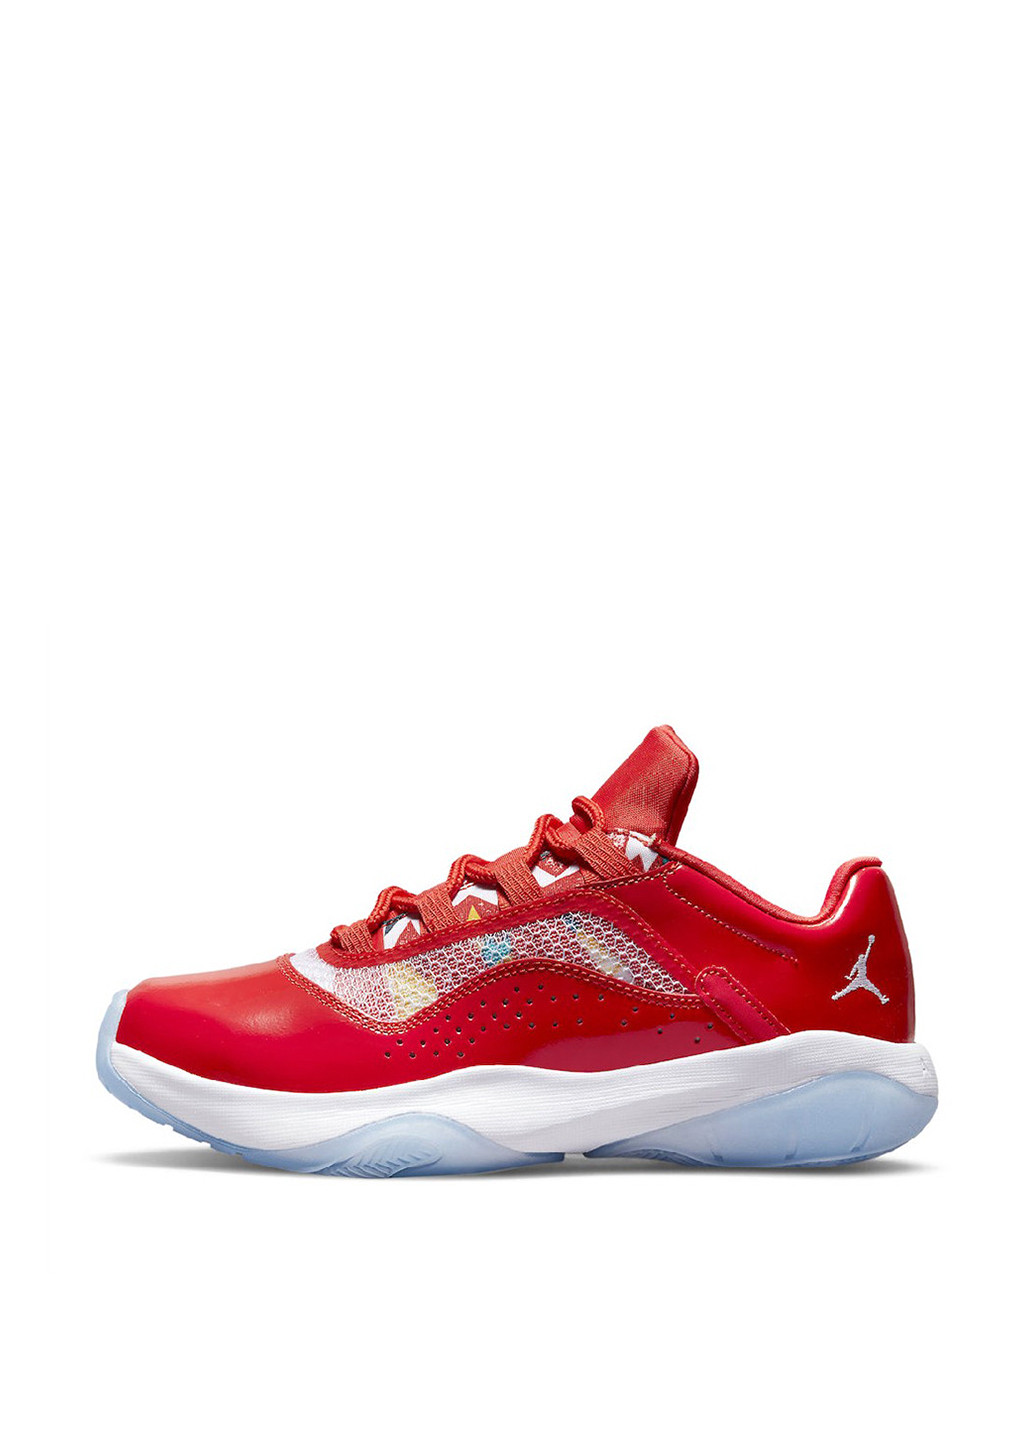 Червоні осінні кросівки dq0928-600_2024 Jordan 11 Cmft Low Gs
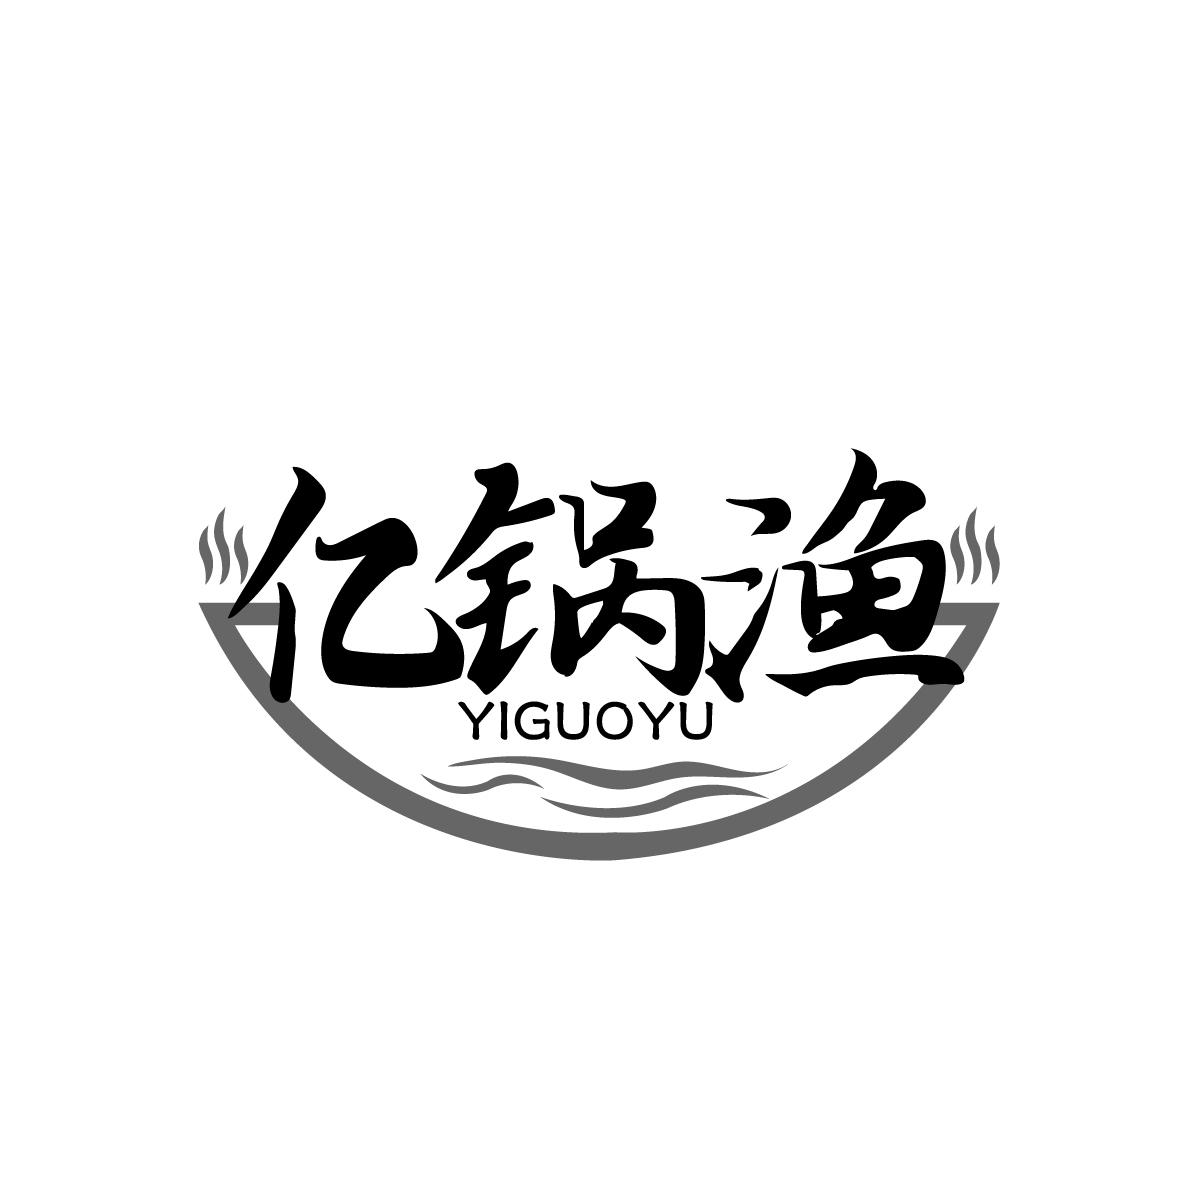 亿锅渔
YIGUOYU
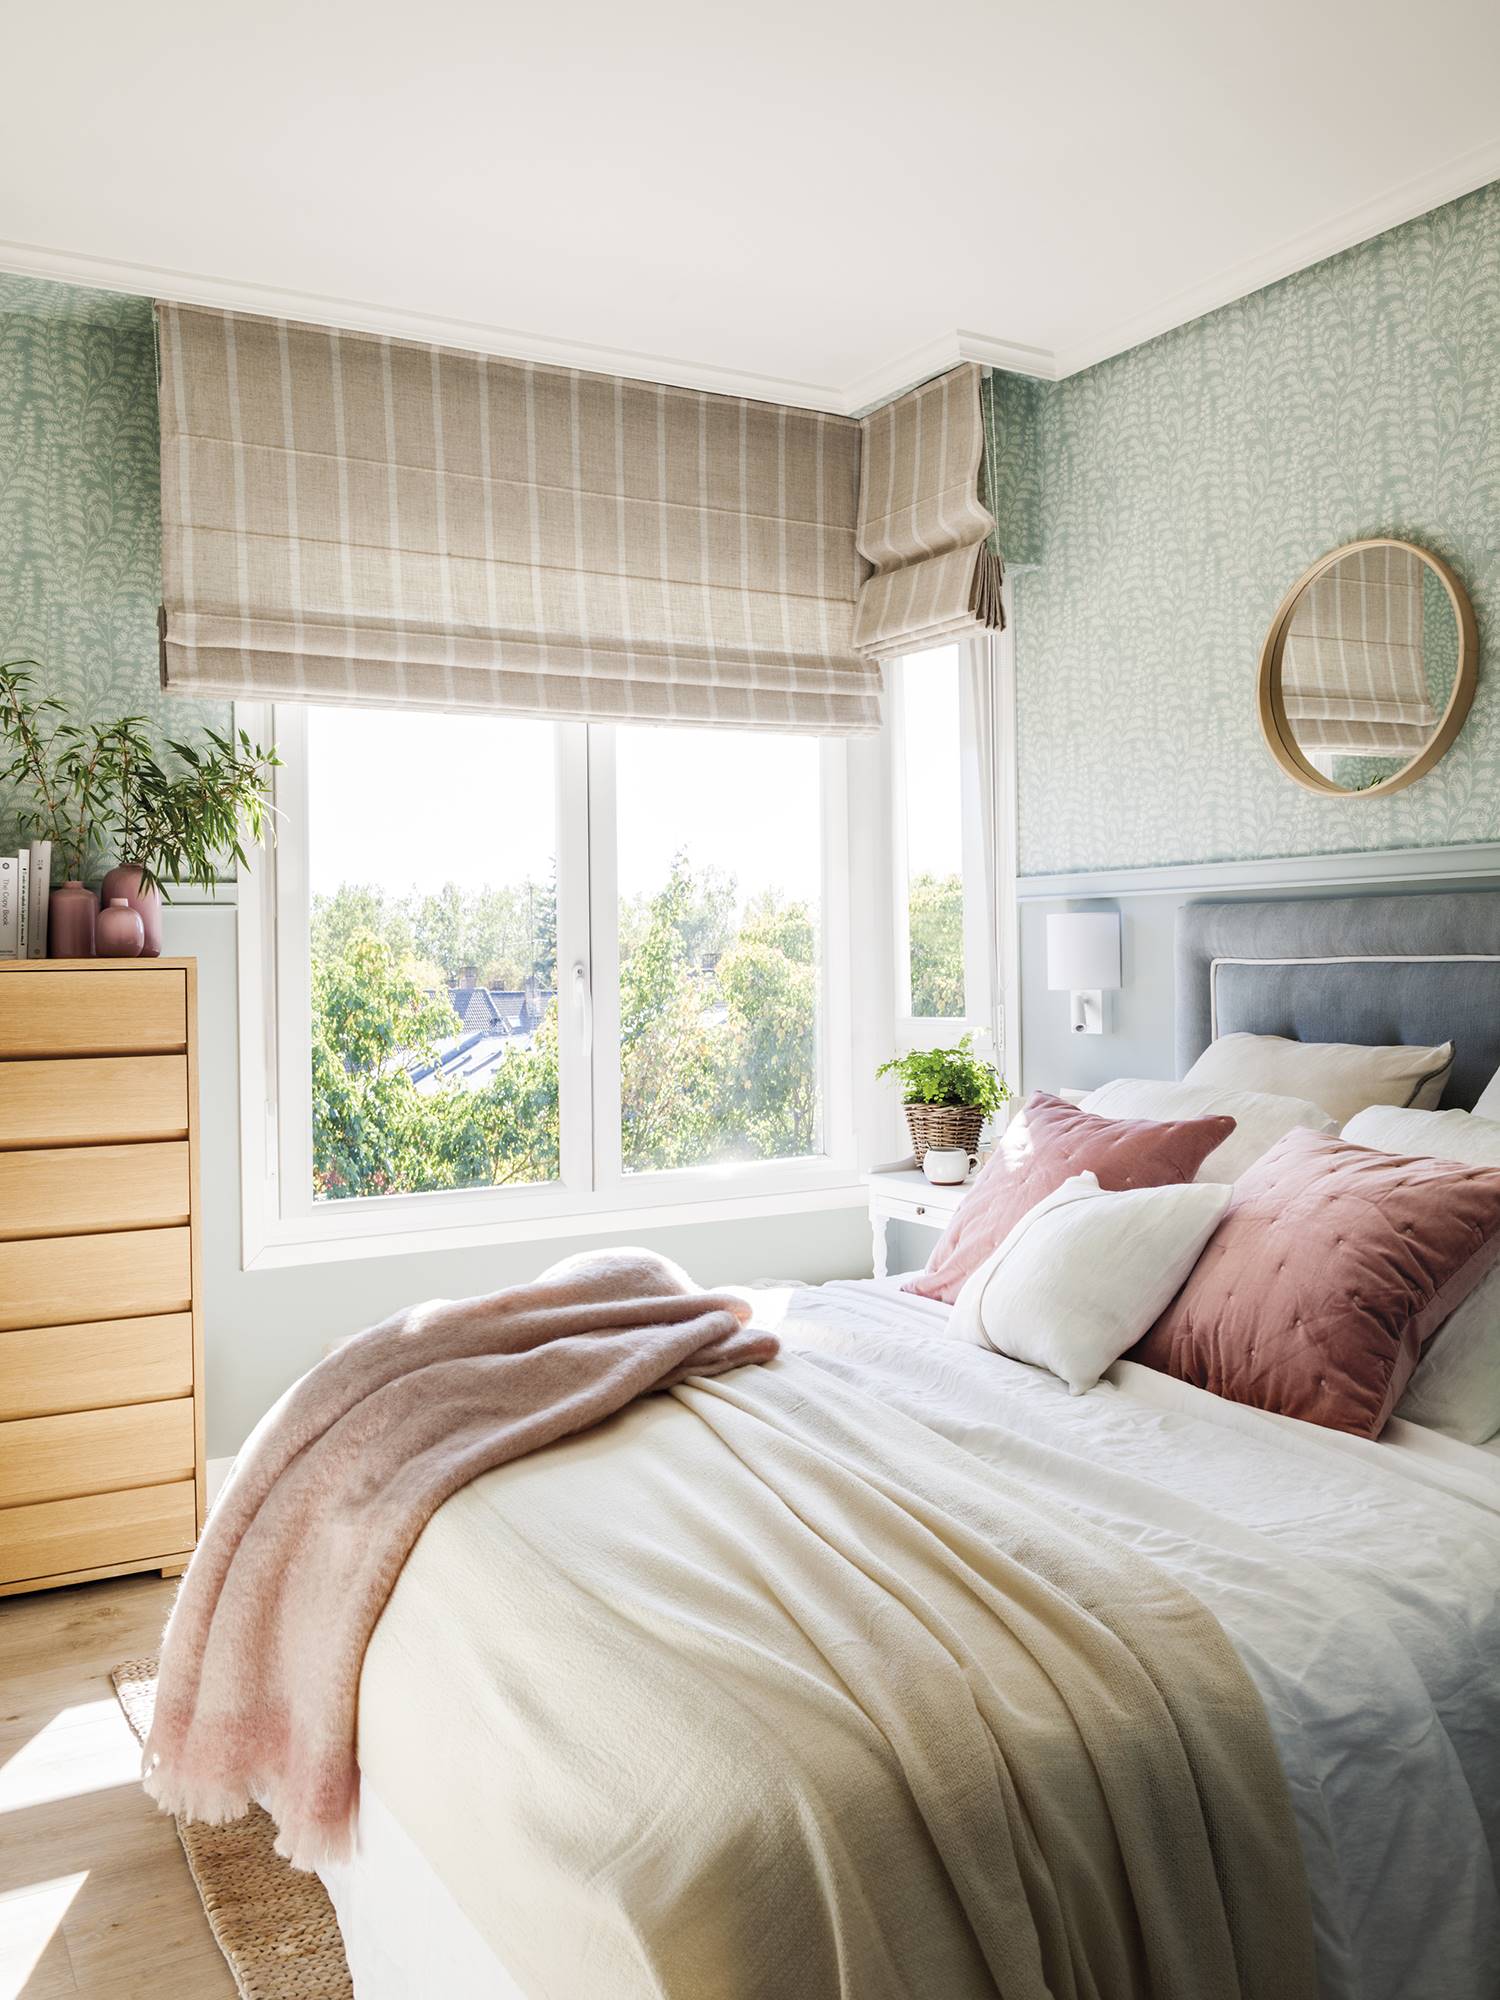 Dormitorio con cajonera alta de madera, arrimadero y papel pintado
# # # # # # #
-- About this exercise --
What you output must match the data exactly, apart from the pictures, which are left out.

-- Answer to this task --
 Червоні осінні кросівки dq0928-600_2024 Jordan 11 Cmft Low Gs
 亿锅渔
YIGUOYU
 Dormitorio con cajonera alta de madera, arrimadero y papel pintado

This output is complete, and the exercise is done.